How to make your critical data last decades

  • Post by Maxime Cote
  • Aug 03, 2020
post-thumb

Panic! The computer doesn’t boot anymore! It just gives us error messages. All the family photos were on this computer! What to do? We have some recent one in the camera but the years of photos are gone? What do you mean backups? We back them up on the computer from the camera…

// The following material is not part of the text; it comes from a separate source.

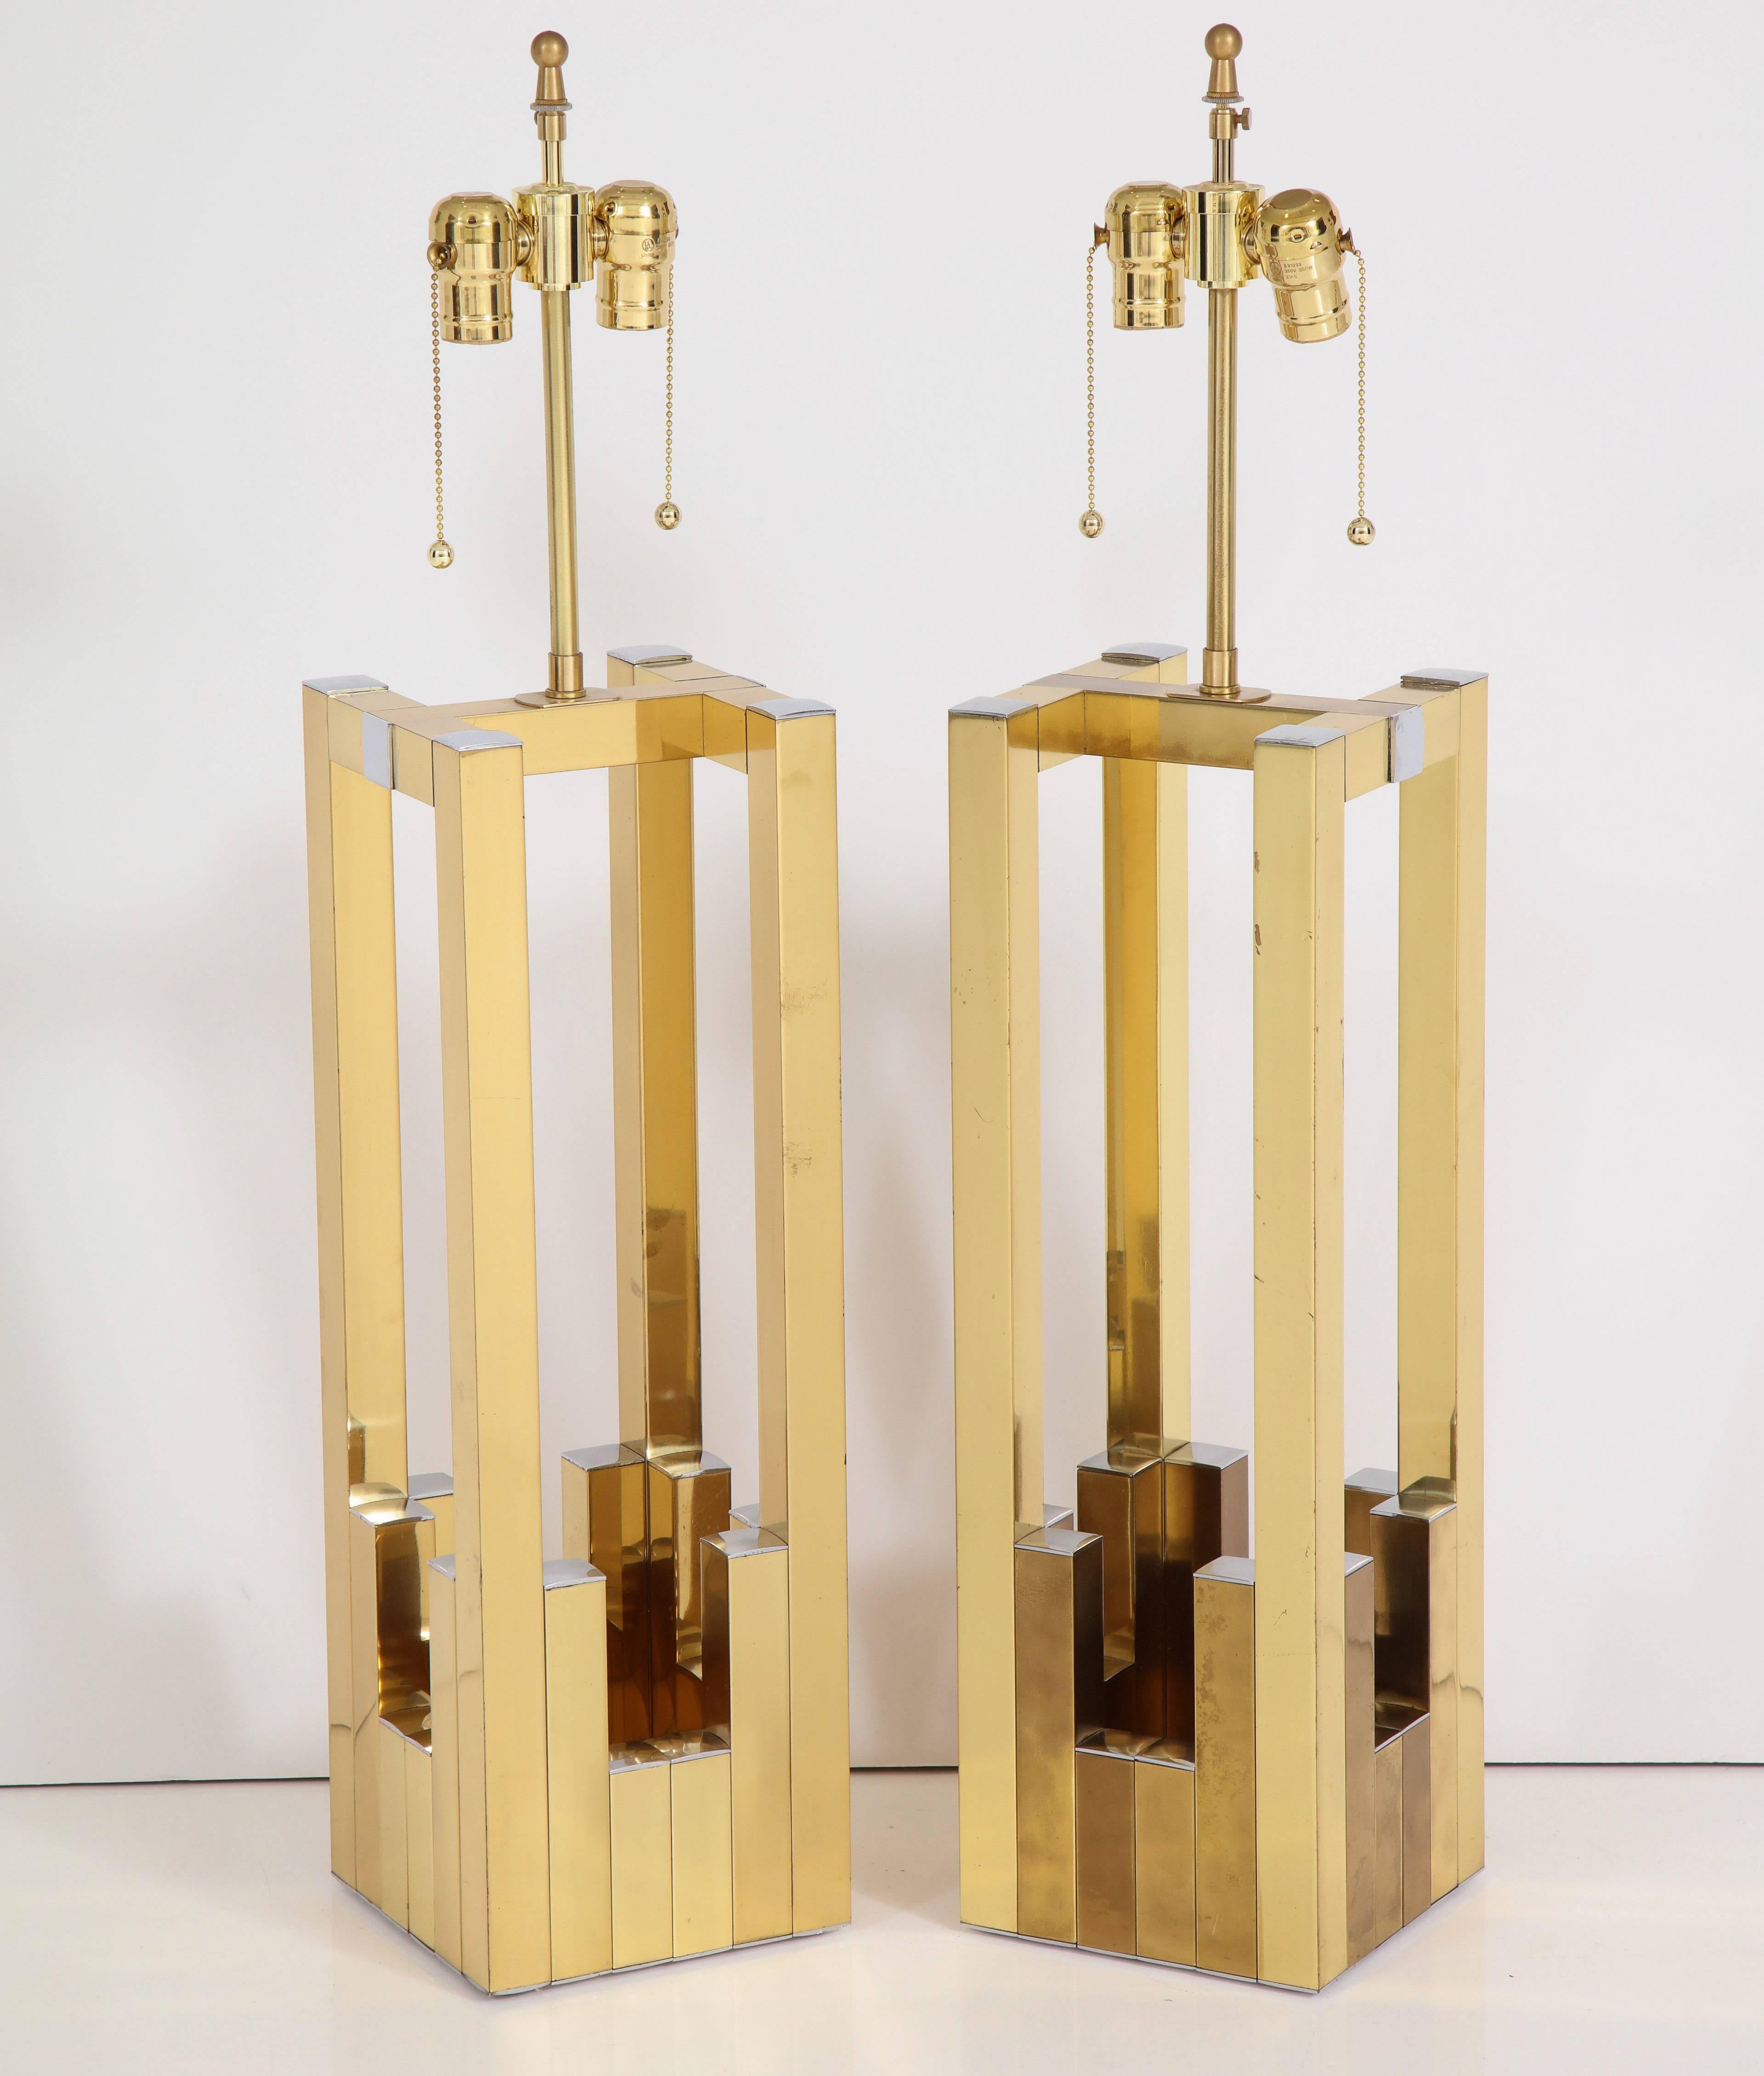 Fabulous pair of extra large table lamps in chrome and brass designed by Willy Rizzo for Lumica. Fabulous sculptural brass lamps with chrome tips are a unique 1970s design reflective of Rizzo's Italian genius. Signed Lumica with original sticker.

Sadly many of us had to live thru a similar phone call at one point or another. Losing data is never good, especially valuable data like photos or notes. That’s why the longevity of your information is a critical concept to think about. The problem is that it can be tricky to know where to start. In part, because there’s a lot of moving pieces, it also requires some understanding of the services you use. The flip side is that taking the time to evaluate this is one of the best ways to prevent or mitigate disaster. Below are some of the concepts to look into or be aware of to help get started.

Important Data

First, let’s look at what is “important” data? There’s a lot of possibilities: photos, notes, legal documents, taxes filling, etc. Those types of data are essential because they are often impossible to replace. Uniqueness or difficulty in recreating is the main factor for the importance of data since those can be copied infinitely but not created again. Photos of years long gone can’t be taken back, and it’s the same with notes about hard-earned knowledge. That’s why you want them to last forever or as close to forever as possible. Leaving them untouched would make the chance of losing them quite high over the years. Now, how does one preserve pet photos for many years in different services/applications?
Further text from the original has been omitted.